The Society of Interventional Radiology, in collaboration with the American College of Radiology (ACR), is developing a national registry aimed at improving quality of care. Plans call for the registry to be ready by fall 2015.
Jeremy Durack, MD, will provide an update on plans for the registry during an In-the-classroom workshop on Wednesday, “Quality, IR and Economics: The Role of Interventional Radiology,” beginning at 1 p.m. in Room 311.
The registry will enable the collection of performance measures for image-guided interventional procedures. Participating facilities and physicians will receive reports based on aggregated benchmarks to facilitate patient safety and quality improvement efforts.
In addition, the IR registry will potentially give participants additional opportunities to fulfill reporting requirements for the Centers for Medicare and Medicaid Services (CMS) Physician Quality Reporting System (PQRS) and gain credits toward maintenance of certification (MOC) from the American Board of Radiology.
“We have also made a major effort to streamline data collection through automated capture from electronic medical records and software packages,” Dr. Durack said. “We really hope this will reduce reporting burden and data-entry errors.”
Additional focused registries will be developed using a similar registry platform, beginning with central venous access.
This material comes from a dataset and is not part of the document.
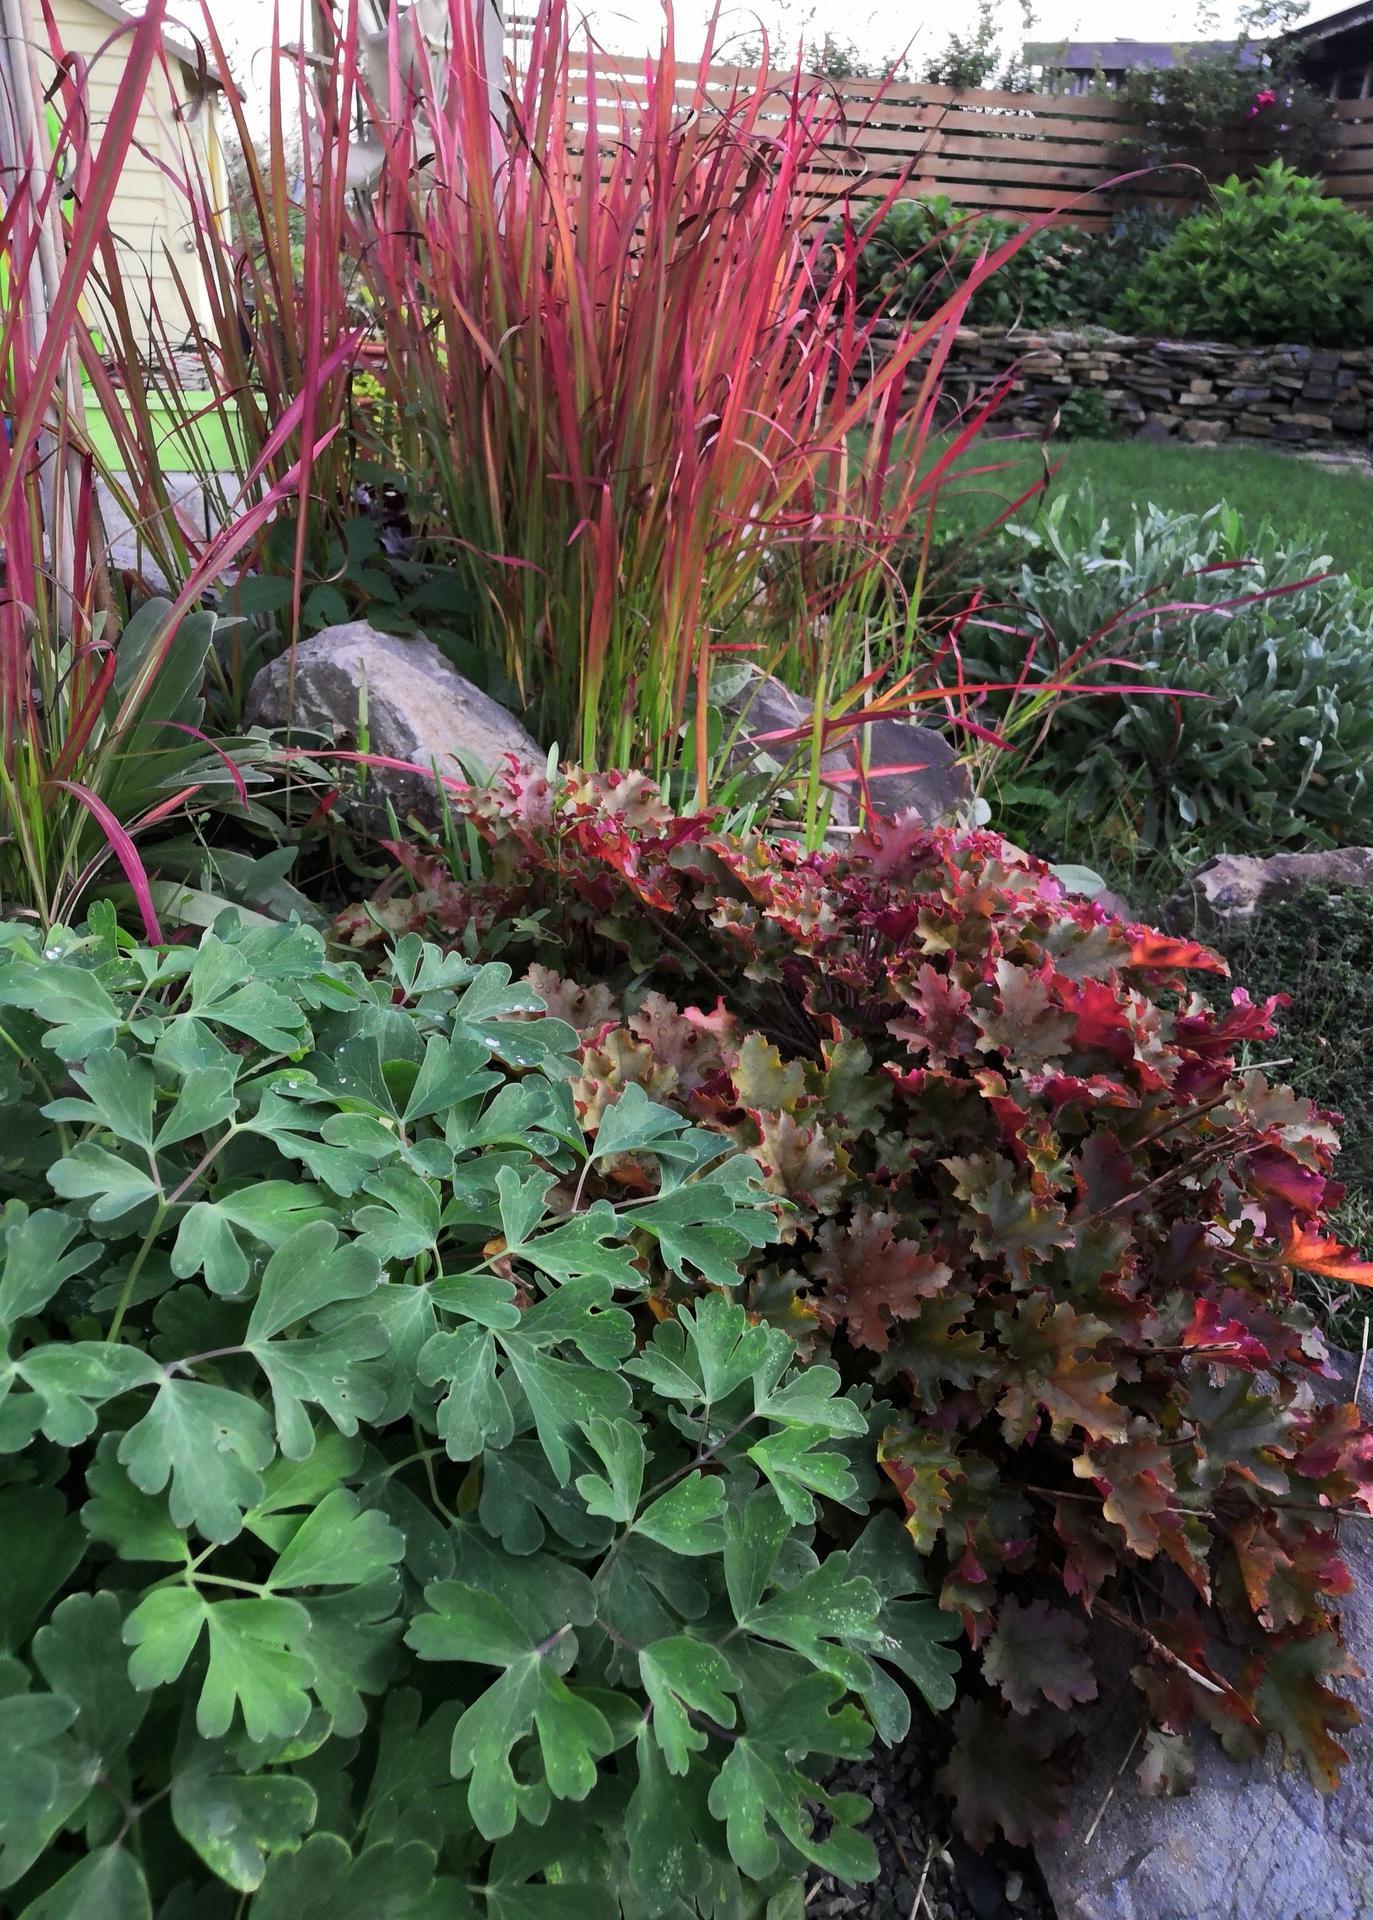 záhrada 2020 - Obrázok č. 132

Plans call to add many other procedures down the road.
Architects have developed and are piloting structured reporting templates for central venous access, uterine artery embolization, vertebral augmentation, IVC filter insertion, and IVC filter removal.
From the pilot, feedback from interventional radiologists, referring clinicians, researchers and billing experts will be used to improve workflow integration and build new standardized reporting templates.
Along with clinical data, standardized reporting components include relevant PQRS measures, Joint Commission standards and SIR/ACR guidelines.
Registries will capture procedural and postprocedure events, enabling postmarket surveillance of devices, a primary interest of the U.S. Food and Drug Administration (FDA). These efforts may be well positioned for federal funding opportunities from agencies such as the Patient-centered Outcomes Research Institute (PCORI) and the Agency for Healthcare Research & Quality (AHRQ).
The session will also include presentations on hospital expectations for interventional radiology; creating a data-driven quality improvement program for IR that serves patients; the IR Venture Forum, creating a new model for partnerships.